Let’s seek that which brings true rejoicing to our hearts: Knowing God better, and being confident that we are walking according to his Word.”

Bret Hastings

Contrast that with the ministry of your phone to your heart. Is it incorruptible and enduring forever? Can we trust it to always be there? Oh, maybe as long as we have a cord, and the Wi-Fi doesn’t give out, cell service doesn’t give out. But no, it’s dependent upon so much, ever changing. Moreover, does it lead you to fear the Lord, thus wanting to keep yourself clean, enduring to the end? God’s Word will do that in you. Metaverse will more likely corrupt your soul, rather than lead you to greater and greater sanctification.

So the ministry of the Word, it is reviving us. It’s making us wise, causing our hearts to rejoice. It et, lighten, enlightens our eyes. And it is doing these things enduringly.

And finally, the Word of God, it is true and righteous. Look at the end of verse 8. “The commandment of the Lord is pure, enlightening the eyes. The fear of the Lord is clean, enduring forever.” The end of verse 8, “The rules of the Lord are true and righteous altogether.” This word for “rules,” it comes from a word that means “to judge,” has a heavy forensic weight behind it. But this word refers to the judge’s revealed decisions or judgments. God’s judgments in Scripture, and of Scripture, are “true and righteous altogether.” That means that what he says here about his own Word is true. It’s corresponding with reality. You will never find it to be wrong. All that has been declared about the Word is true. Believe it, trust it, even when your emotions tell you otherwise.

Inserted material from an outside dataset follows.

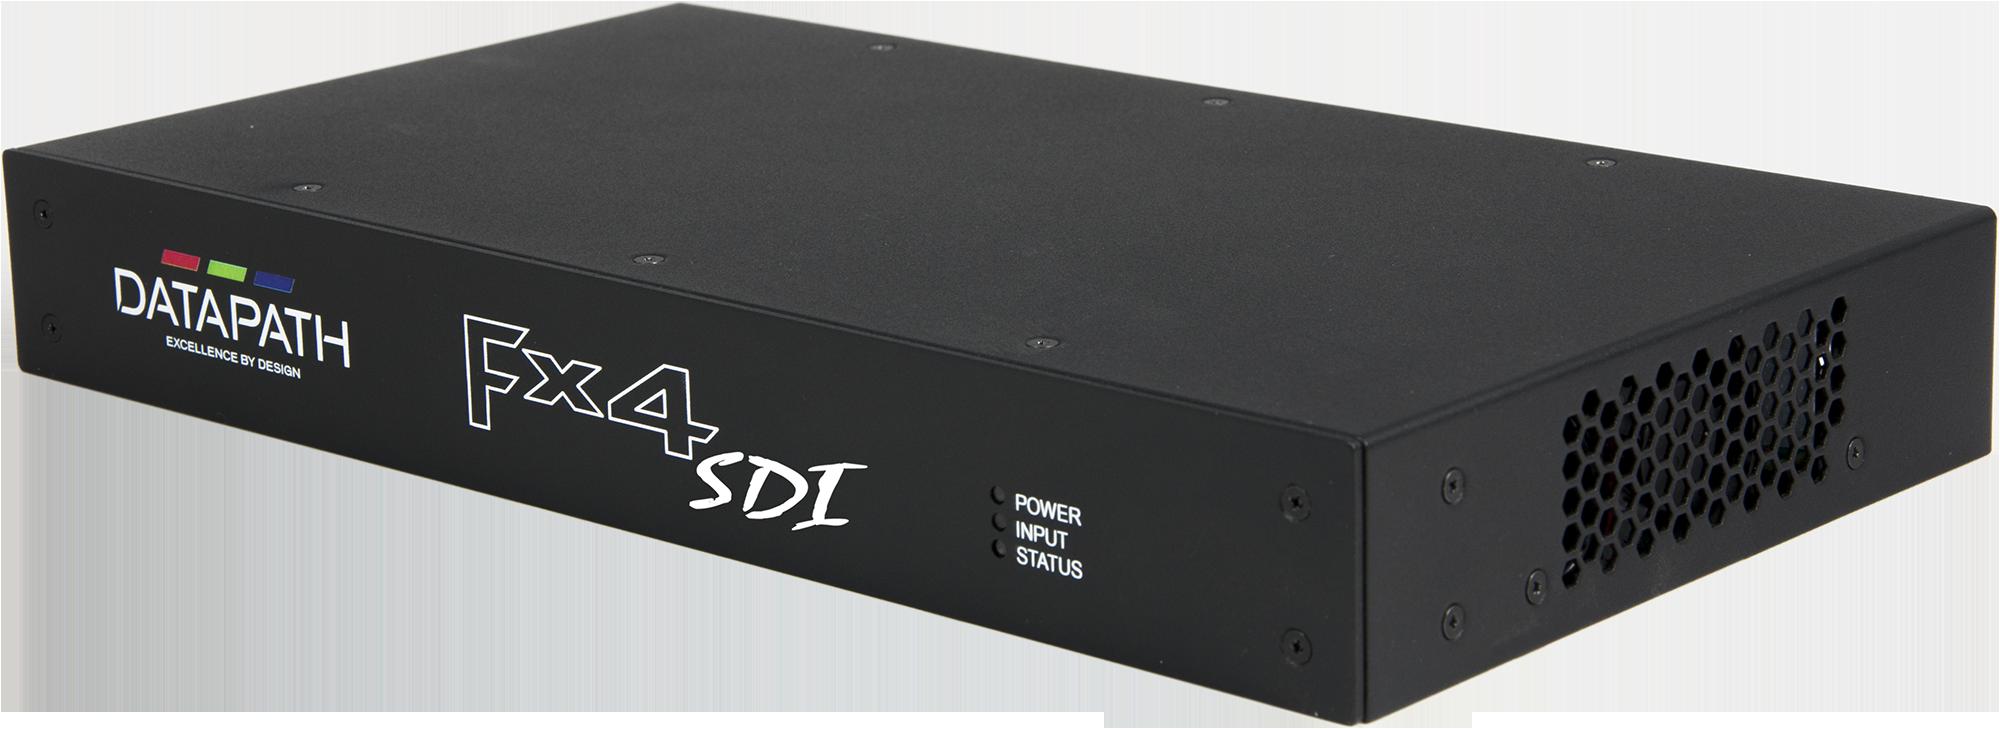 FX4/SDI
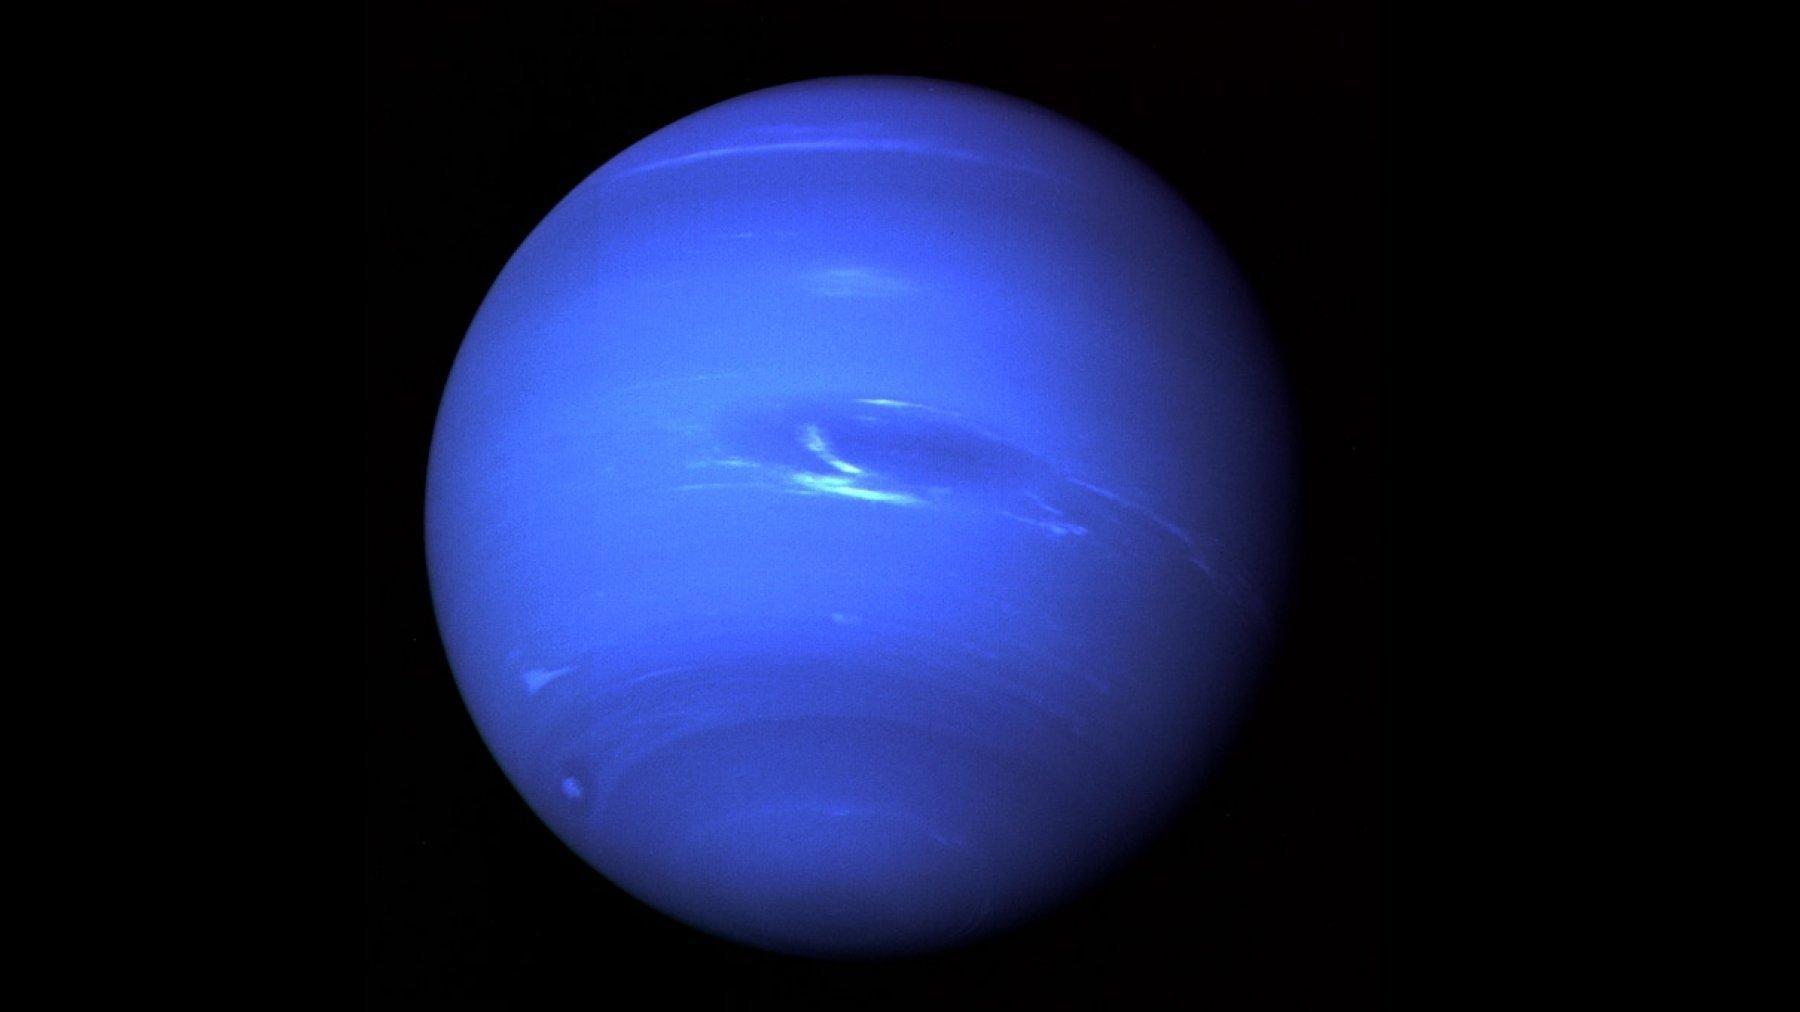 Neptun, am 22. August 1989von Voyager 2aufgenommen, zeigt wenig Detailreichtum – ähnlich wie der zuvor besuchte Uranus.

The Word is altogether reviving, making wise, giving you a spirit of rejoicing, enlightening the eyes, making you clean and fearing the Lord, sanctifying you. In contrast, we might put all of this, the ministry that the Word has on this, we might contrast that poetically with what man produces. We might say the law of man, in contrast, is flawed, killing the soul. The testimony of man is deceptive, destroying the simple. The precepts of man are false, sorrowing the heart. The commandment of man is defiled, darkening the eyes. The fear of man is corrupt, fleeting always; and the rules of man are untrue and unjust altogether.

So, beloved, with these two things before us, why do we so often drink from that well, that cistern that holds no water? We continue to drink from a spigot that has no water coming from it. The Scriptures, Psalm 19 here sets before us life and death. Choose life. Let the Word have its intended effect on you as you feed on it. Let us no longer go to broken cisterns that hold no water. Let us no longer trade the living God for that which is no God at all. Let us no longer trade the benefits of this Word that we have seen, and its ministry to us, for vain empty promises of the world. Choose life.

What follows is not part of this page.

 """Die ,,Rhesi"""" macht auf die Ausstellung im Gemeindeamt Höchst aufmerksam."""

So we’ve seen the ministry of the Word to us. Now let’s look at the excellencies of special revelation. Verse 10, “Moreover to be desired are they than gold, even much fine gold, sweeter also than honey and the drippings of the honeycomb.” So we see here the excellency of special revelation, the Word of God. David continues to lift up the Word of God before us, portraying it in such a way that we cannot deny the veracity of its claims. It’s abundantly obvious. Why would we pick something other than the Scriptures to turn to?

He declares two excellencies for us. First, it is most desirable. And it is most satisfying, second. It is “to be desired.” This is a participle, which means the emphasis is on its fixed and permanent quality, the fixed quality of the Word of God, that it is more desirable than gold, even much fine gold. That is, you should seek after it like it is the most valuable thing ever, because it is. You should work for it like you would if you knew you had access to a gold mine.

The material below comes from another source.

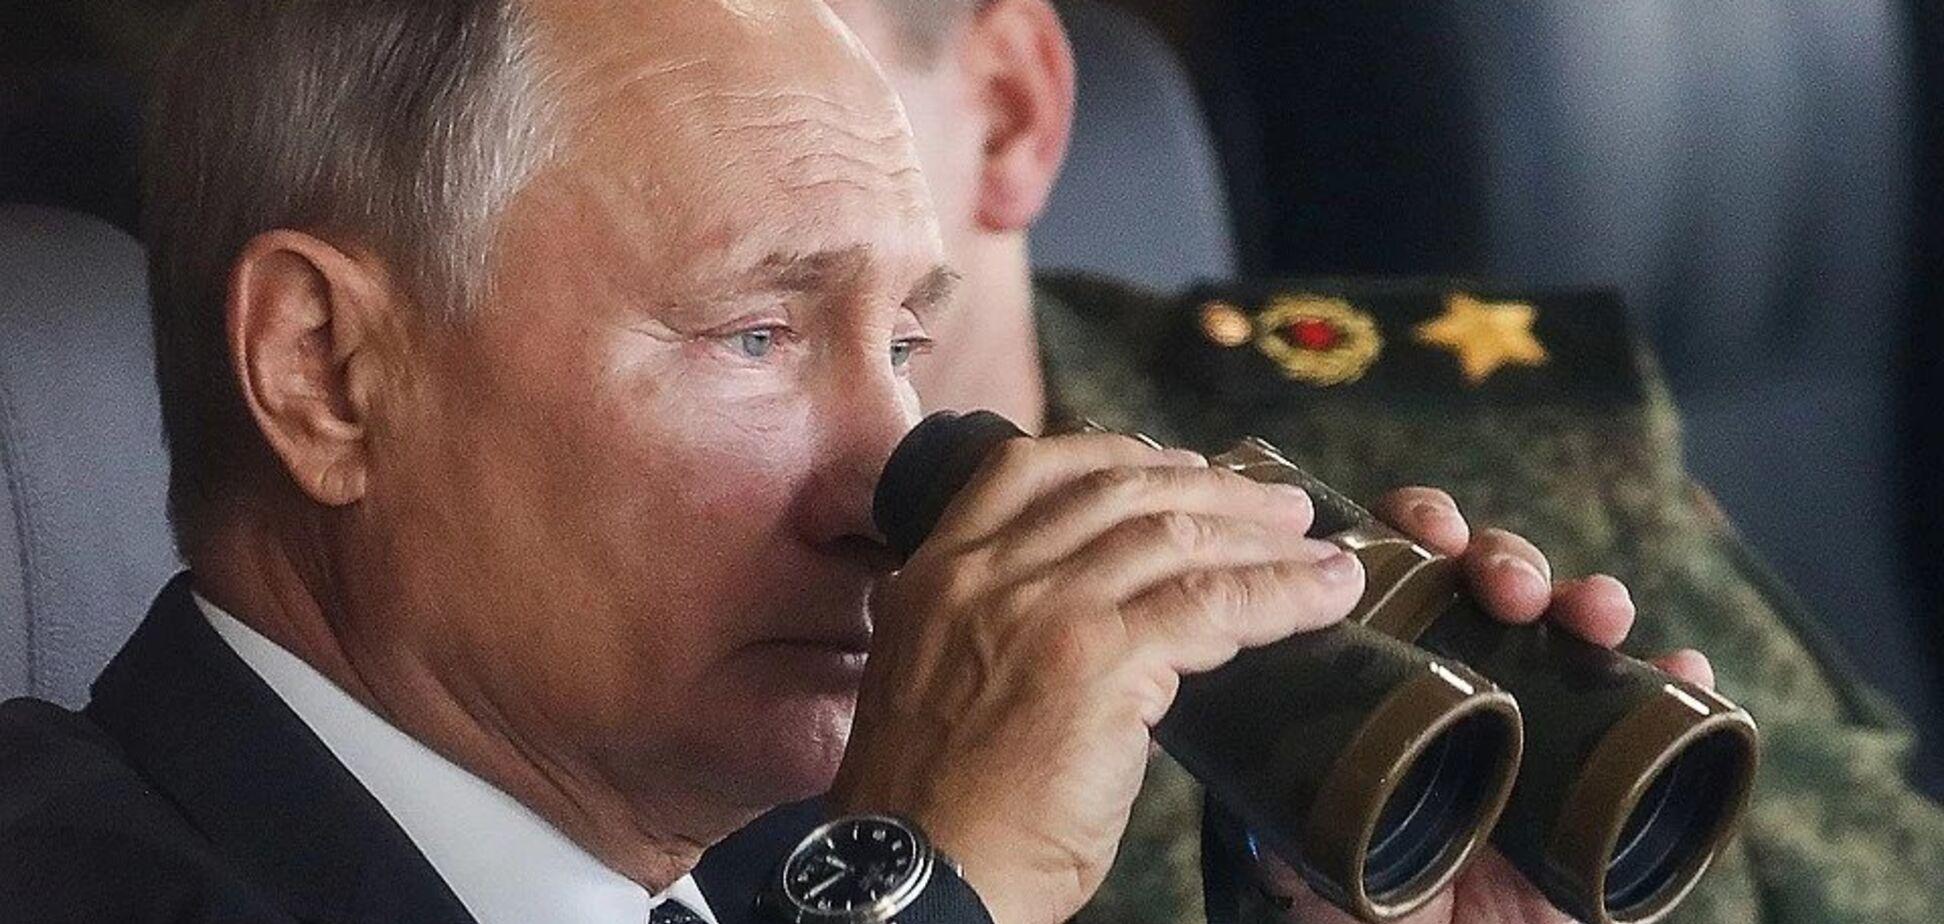 Під ударом чотири міста: Клімкін назвав нову мету Путіна в Україні

The Word of God is a veritable gold mine waiting for you to dive in and reap its rewards. But it isn’t like the words of this book, the true words of God are buried somewhere in there, and we have to get ‘em out. Rather, the word here is “refined gold.” It’s already been dug up. It’s telling us that this is like a truckload full of gold bars. More desirable is the Word of God than even refined gold.

It’s more desirable than anything else because of the benefits we just talked about, how it ministers to us. Don’t believe the lies of the world, that tells you there are many more desirable things out there. Lots of things popping up on your phone telling you, “This is desirable, this is desirable.” There’s nothing more you should seek than the words in this book, knowing God. Nothing you seek, no job will satisfy, no promotion, no sin you can indulge in, no status. Many of those things are desirable, but they do not compare with the Word of God. This is more desirable than a truckload of refined gold. It is the most desirable thing in the universe, because it teaches us to know God, to commune with him. It’s the most desirable thing.

Second, it is the most satisfying thing. It’s “sweeter than honey and the drippings of the honeycomb.” Honey was a delicacy. If you had a sweet tooth, honey was really the only way to satisfy it. There’s no processed sugars in abundance like there is today. Proverbs 27:7 says, “The one who is full loathes honey, but to one ‘n who is hungry, everything bitter is sweet.” Honey is chosen here because the idea is, if you’re too full to eat honey, then you’re too full to eat anything. But the Word of God, it’s even sweeter than honey. It’s more satisfying, more pleasing. The one who’s hungry is going to eat something. You can either feast on the Word of God that is more satisfying than honey, sweeter to the taste, enjoyable; or you can feast on what man produces. And if you’re starving, even the most bitter thing tastes sweet. So you can eat all that the world has to offer, but it goes down and it is bitter in your soul.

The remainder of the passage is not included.